However, for those managing diabetes, it can sometimes feel challenging to navigate holiday tables filled with rich, carb-heavy dishes.
Thankfully, beans are a versatile and nutrient-dense ingredient that can be incorporated into holiday meals without spiking blood sugar levels.
Rich in fiber, protein, and healthy fats, beans make an excellent choice for diabetic-friendly dishes.
This blog article explores 25+ holiday diabetic bean recipes that are not only tasty but also help maintain blood sugar balance, making them perfect for your festive gatherings.
From hearty stews to refreshing salads and indulgent casseroles, these recipes will allow you to celebrate the season with healthy and satisfying meals.
25+ Delightful Holiday Diabetic-Friendly Bean Recipes to Brighten Your Table
The holiday season doesn’t have to be about compromising flavor for health, especially when you have an abundance of diabetic-friendly recipes at your disposal.

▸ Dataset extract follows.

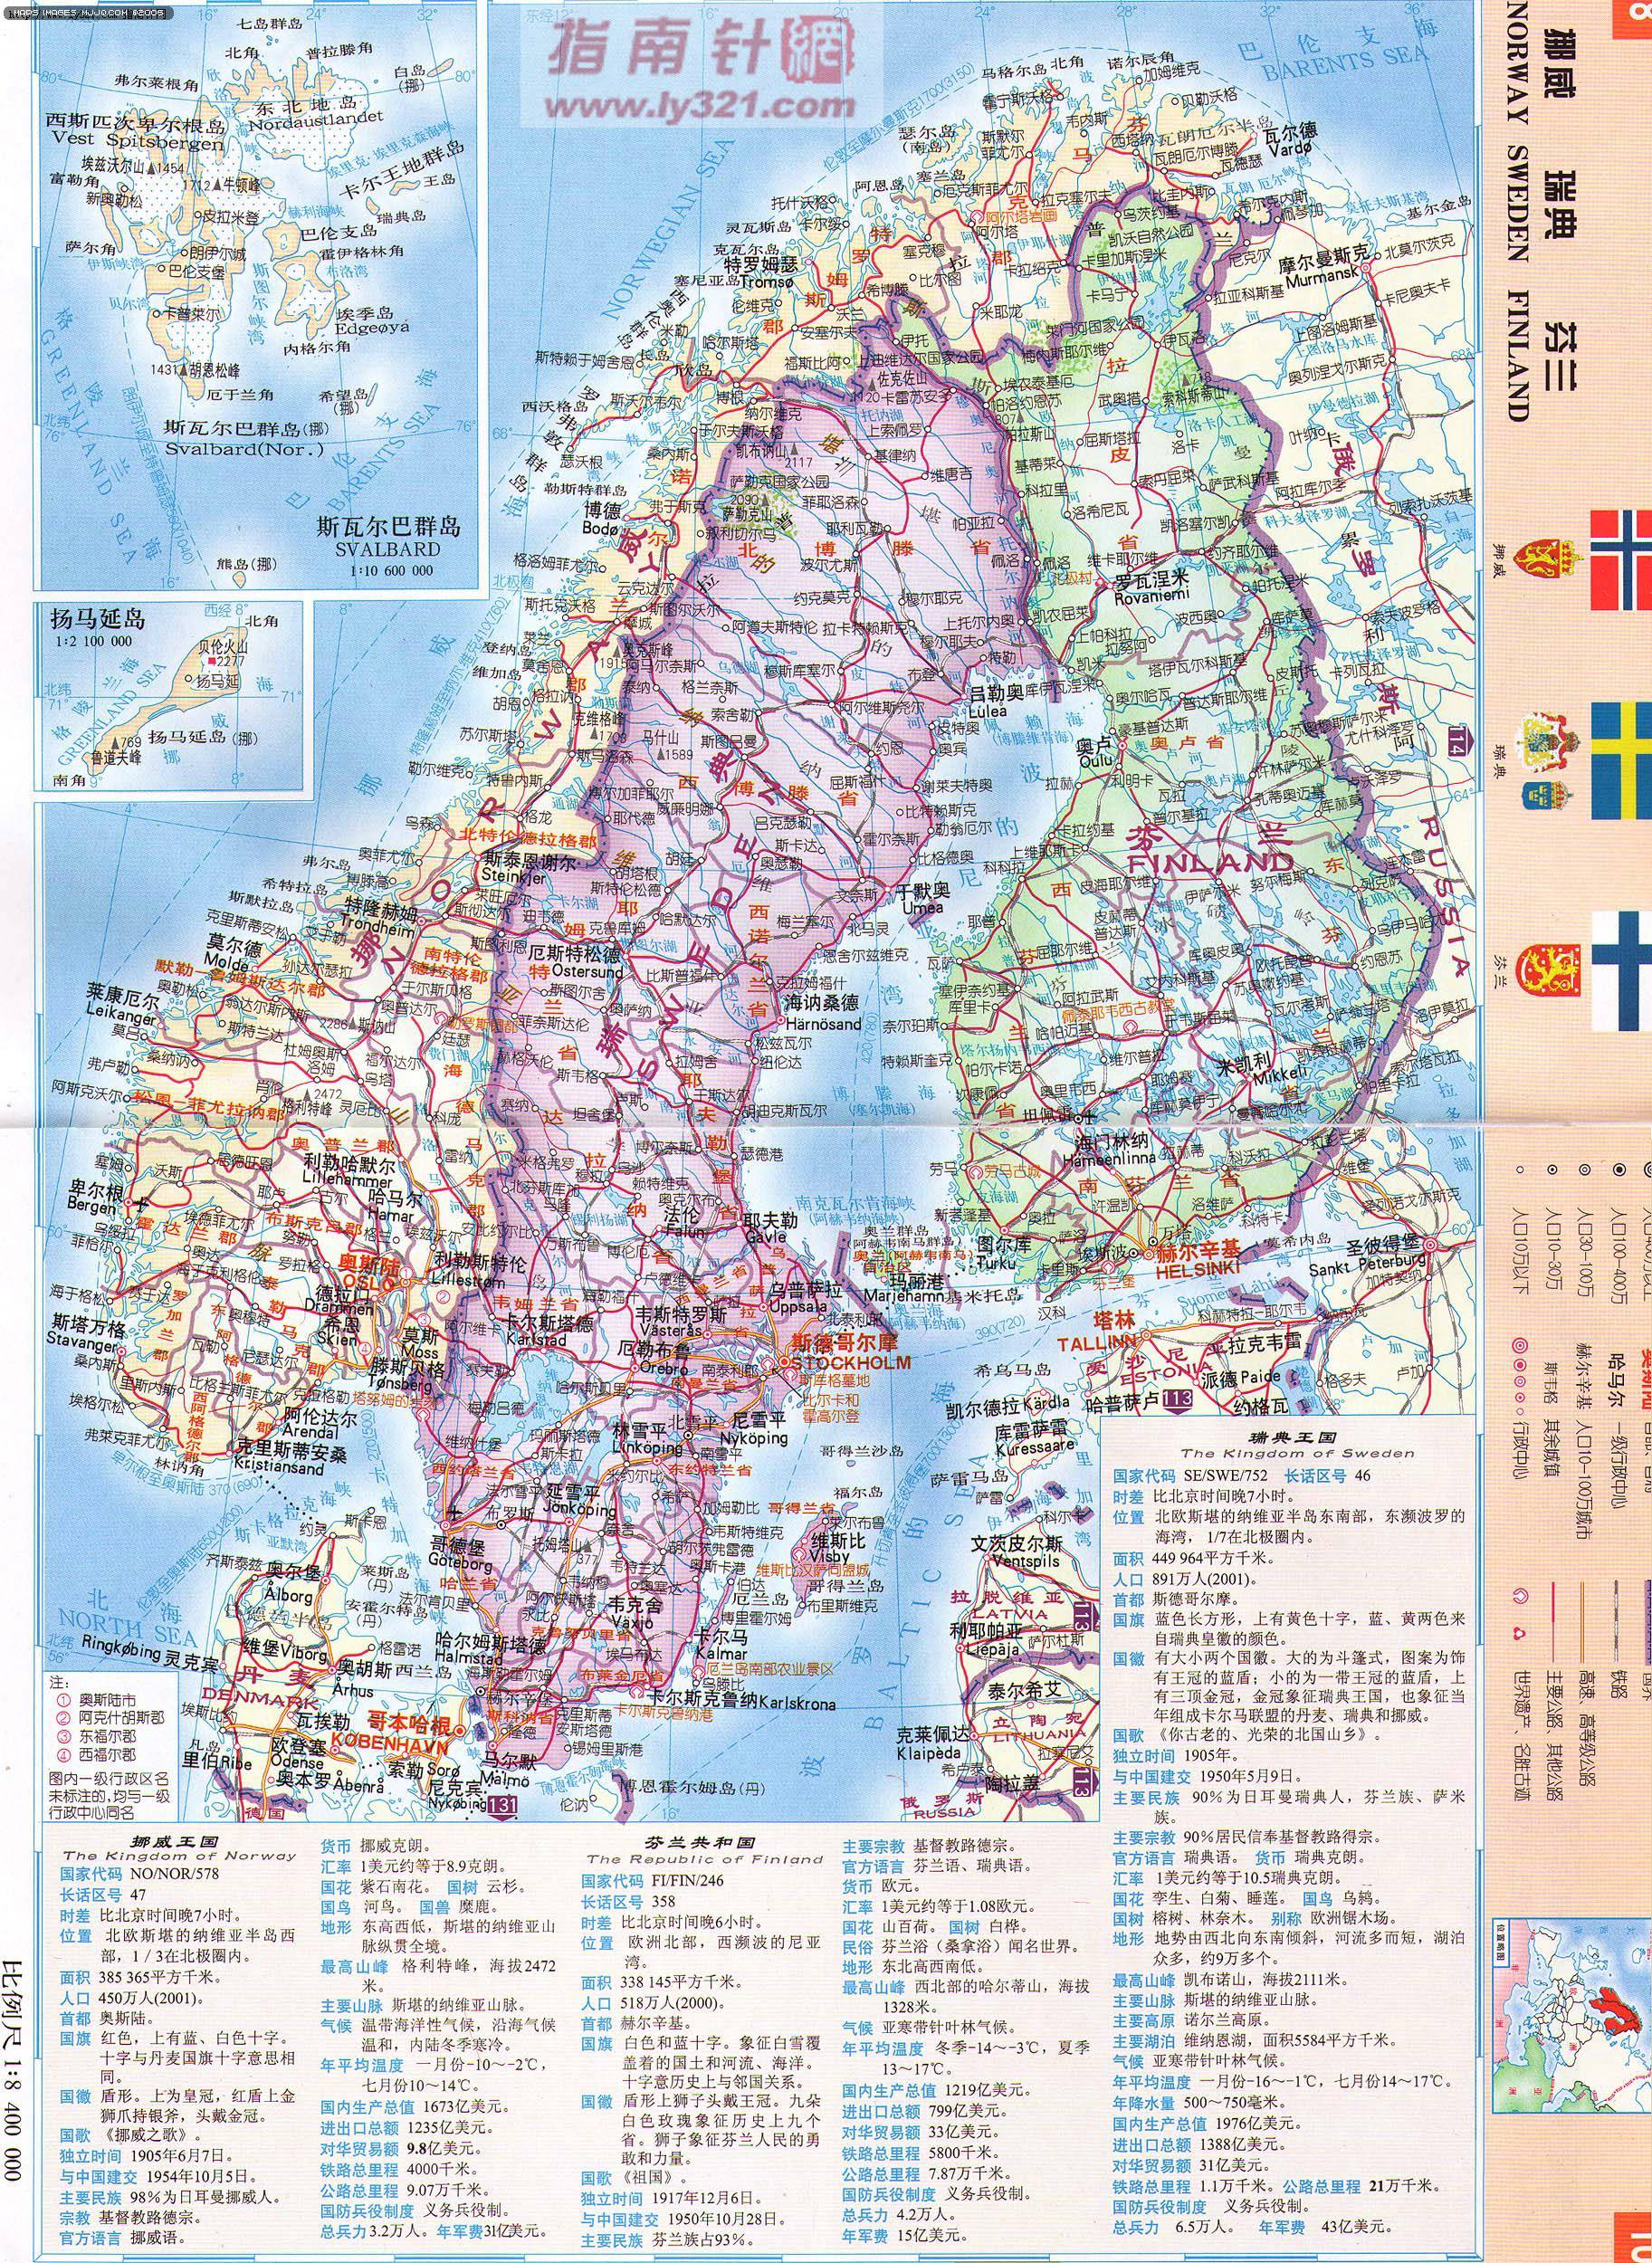 挪威地图 欧洲地图 europe maps 世界地图 美景旅游网图片

By incorporating beans into your holiday meals, you can enjoy flavorful dishes that are full of essential nutrients while also managing your blood sugar levels.
With 25+ creative and festive recipes to choose from, you’ll find plenty of options to suit every taste and dietary need.
Whether you’re cooking for yourself or sharing meals with loved ones, these holiday diabetic bean recipes will ensure that your holiday meals are both delicious and diabetes-conscious.
Holiday Three-Bean Salad
This festive three-bean salad is packed with fiber, protein, and vibrant flavors, making it a diabetic-friendly option for holiday gatherings. With a tangy vinaigrette and a colorful mix of beans, it’s as nutritious as it is delicious.
Ingredients
- 1 cup cooked green beans, trimmed and halved
- 1 cup cooked kidney beans, rinsed and drained
- 1 cup cooked garbanzo beans, rinsed and drained
- 1/4 cup finely diced red onion
- 1/4 cup chopped fresh parsley
- 2 tbsp olive oil
- 1 tbsp apple cider vinegar
- 1 tbsp fresh lemon juice
- 1 tsp Dijon mustard
- 1/2 tsp garlic powder
- Salt and pepper to taste
Instructions
- In a large mixing bowl, combine green beans, kidney beans, garbanzo beans, red onion, and parsley.
- In a small bowl, whisk together olive oil, apple cider vinegar, lemon juice, Dijon mustard, garlic powder, salt, and pepper to create the vinaigrette.
- Pour the vinaigrette over the bean mixture and toss to coat evenly.
- Cover and refrigerate for at least 1 hour before serving to allow the flavors to meld.
- Serve chilled or at room temperature.
This salad is perfect for holiday feasts, offering a refreshing and healthy side dish. Its bright colors and bold flavors make it a standout on the table, while its low glycemic index ensures it’s safe for diabetic guests.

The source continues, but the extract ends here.